Sopra Steria est un groupe, qui a été créé par son dirigeant il y a 50 ans. Ce groupe continue à porter aujourd'hui une âme d'entrepreneuriat et d'innovations et donc d'agilité pour s'imposer dans un secteur où il y a des Capgemini, CGI, Accenture..., qui sont des monstres à côté de Sopra Steria. Ils ont ça en eux, nous aussi. Par conséquent, nous allons rester un acteur agile par rapport aux grands. Sopra Steria et CS Group, nous sommes forcés d'innover pour nous imposer. Nous nous sommes dit que nous avions un tel potentiel de croissance dans nos métiers que pour pouvoir en prendre la quintessence, il fallait se rapprocher. Résultat, nous pourrions accélérer la mise en œuvre de notre plan Vision 2024. Puis nous allons réfléchir à un plan qui nous permettra de réaliser 1 milliard d'euros rapidement alors que seuls, nous aurions attendu 10 ou 15 ans. Encore une fois, nous allons plus vite et plus fort ensemble avec Sopra Steria. Pour les perspectives de nos équipes, ce rapprochement ouvrirait de belles opportunités.

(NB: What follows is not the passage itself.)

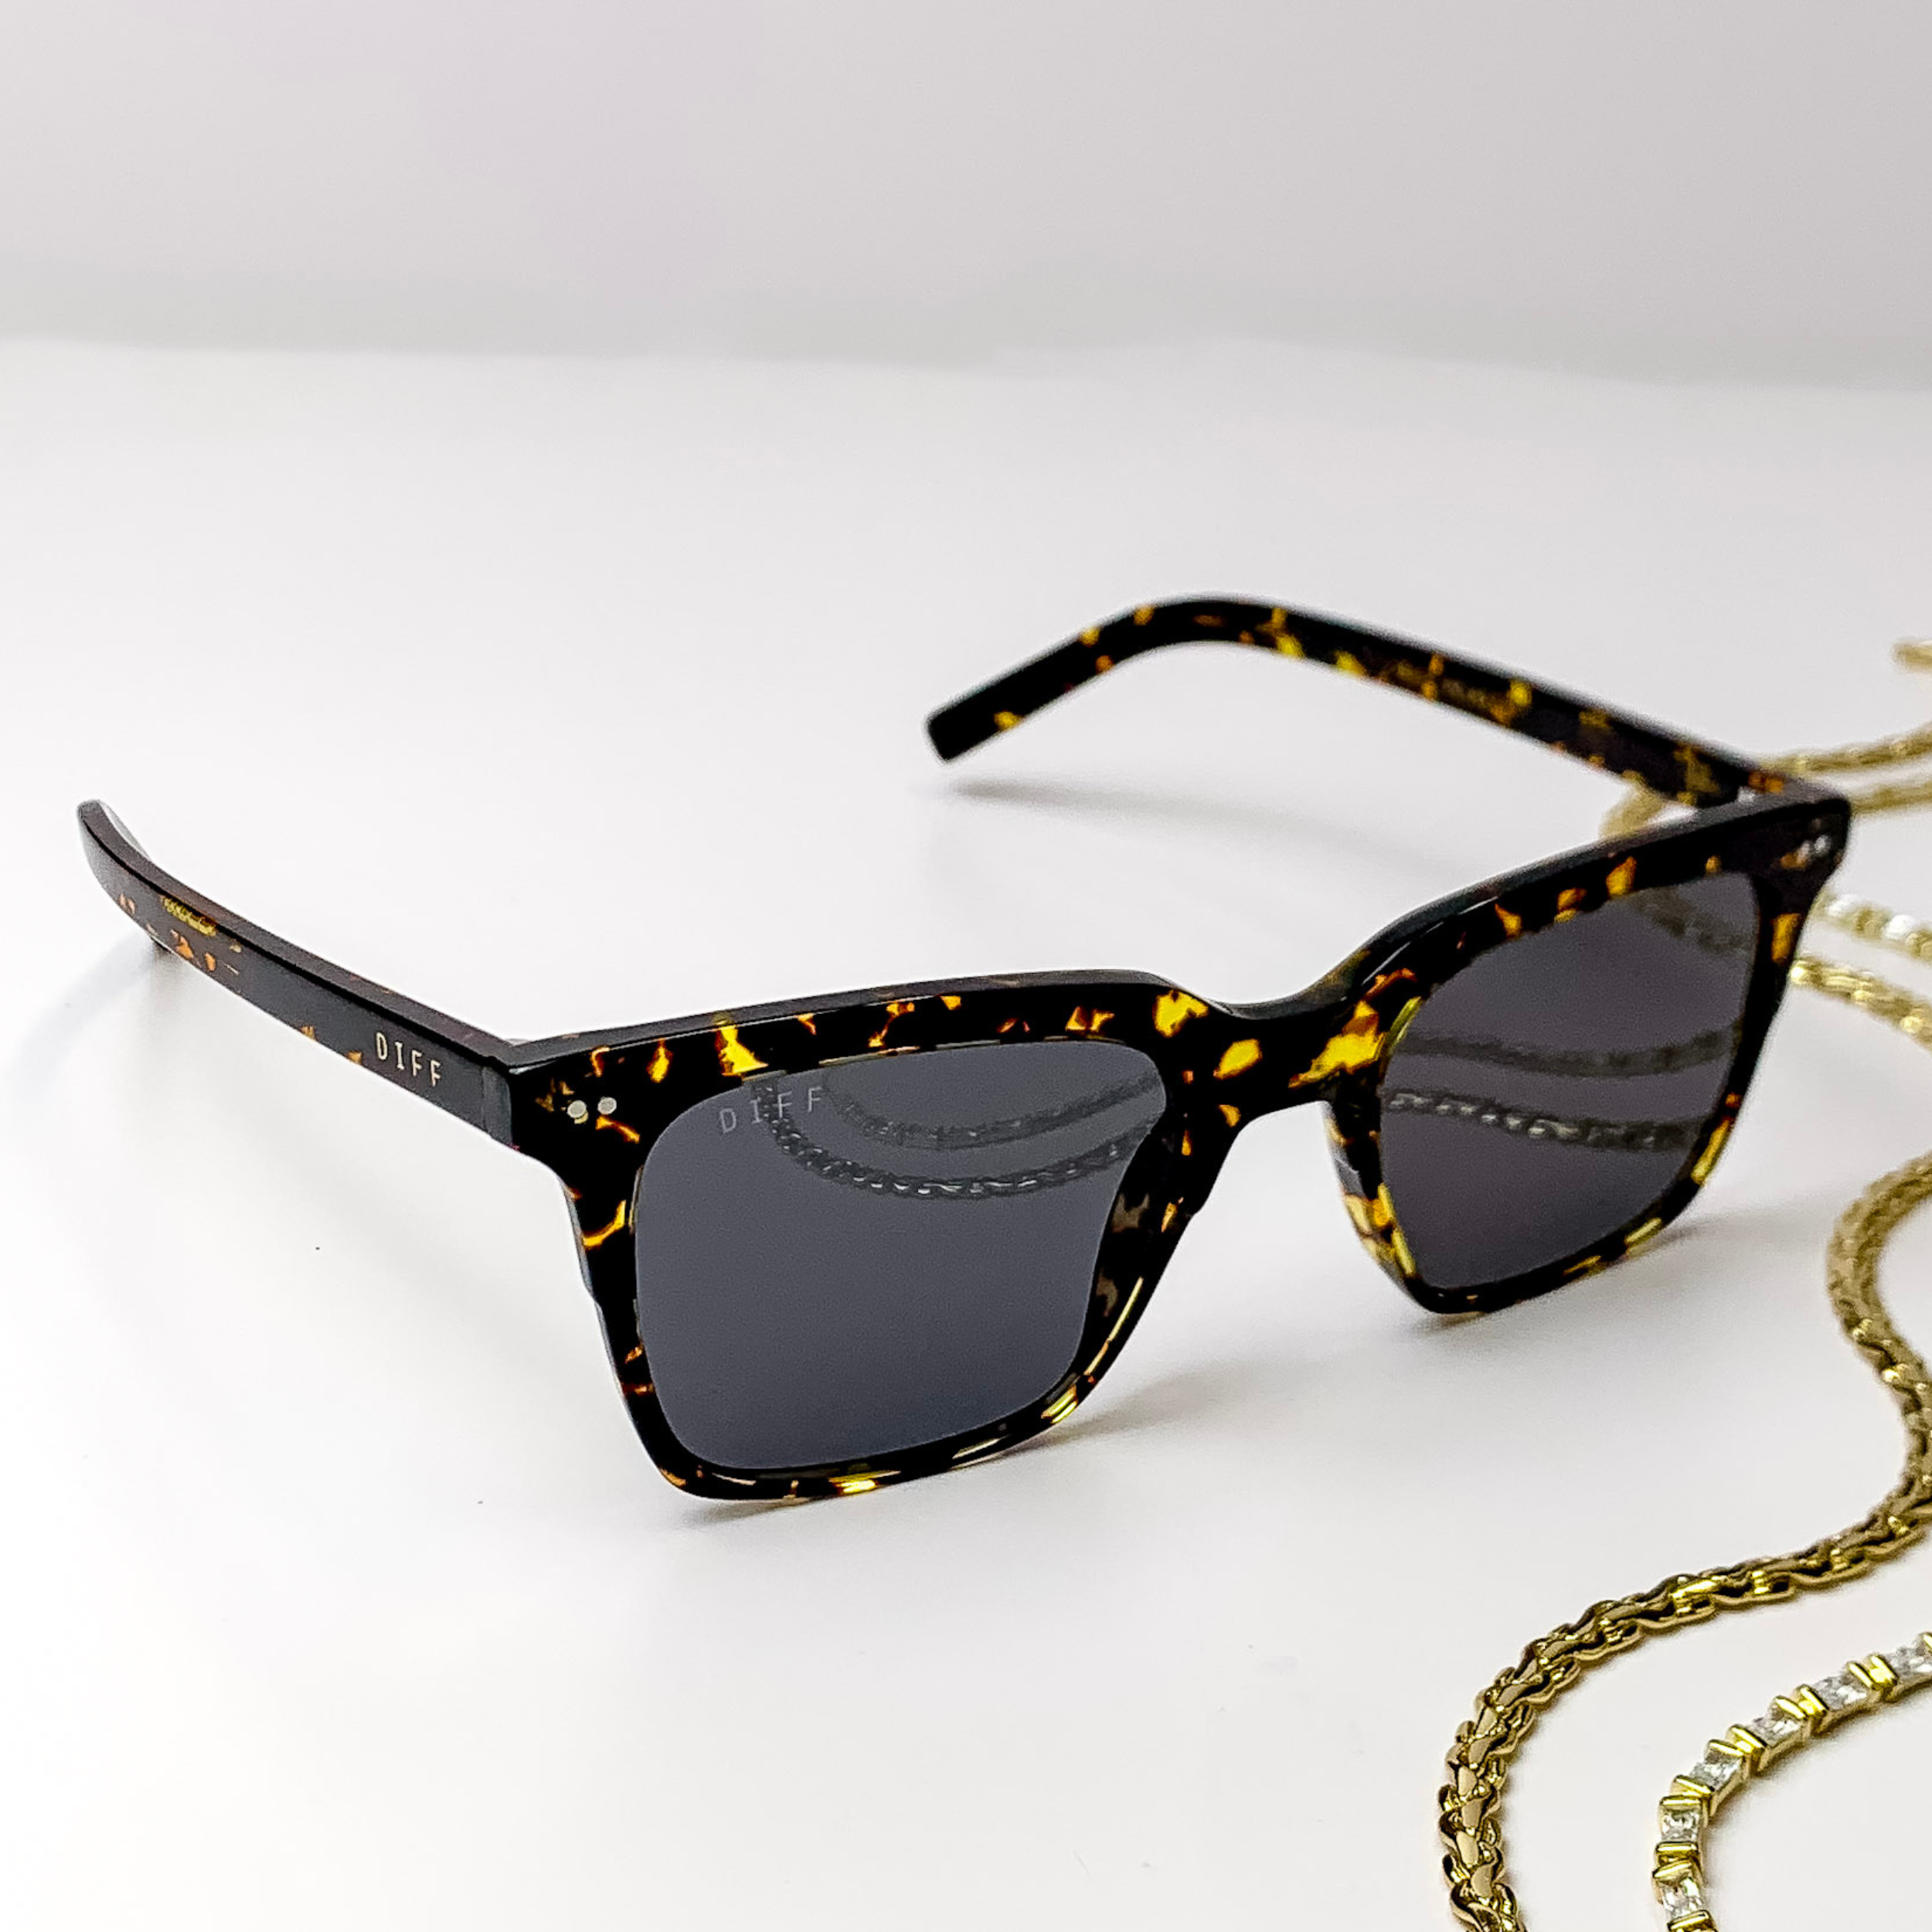 Square black sunglasses with a thick frame, golden yellow spots throughout, and grey lenses

Sur la valorisation de CS Group, on est loin des multiples de sociétés rachetées comme par exemple iXblue. Pourquoi ?
iXblue a été payé 14 fois l'EBITDA car sa rentabilité est très forte. C'est un pur équipementier, ce qui n'est pas notre cas. Nous, nous sommes plus un systémier, un intégrateur de systèmes, également un peu éditeur avec quelques activités d'équipementier. En termes de multiple de valorisation, nous sommes plus proches d'un Thales que d'un iXblue. La transaction correspond à 1,2 fois notre chiffre d'affaires. Pour les actionnaires, c'est une opération convenable.

Avez-vous été approché par des groupes, comme Thales ?
En 30 ans, nous avons été approchés très régulièrement par de nombreux acteurs.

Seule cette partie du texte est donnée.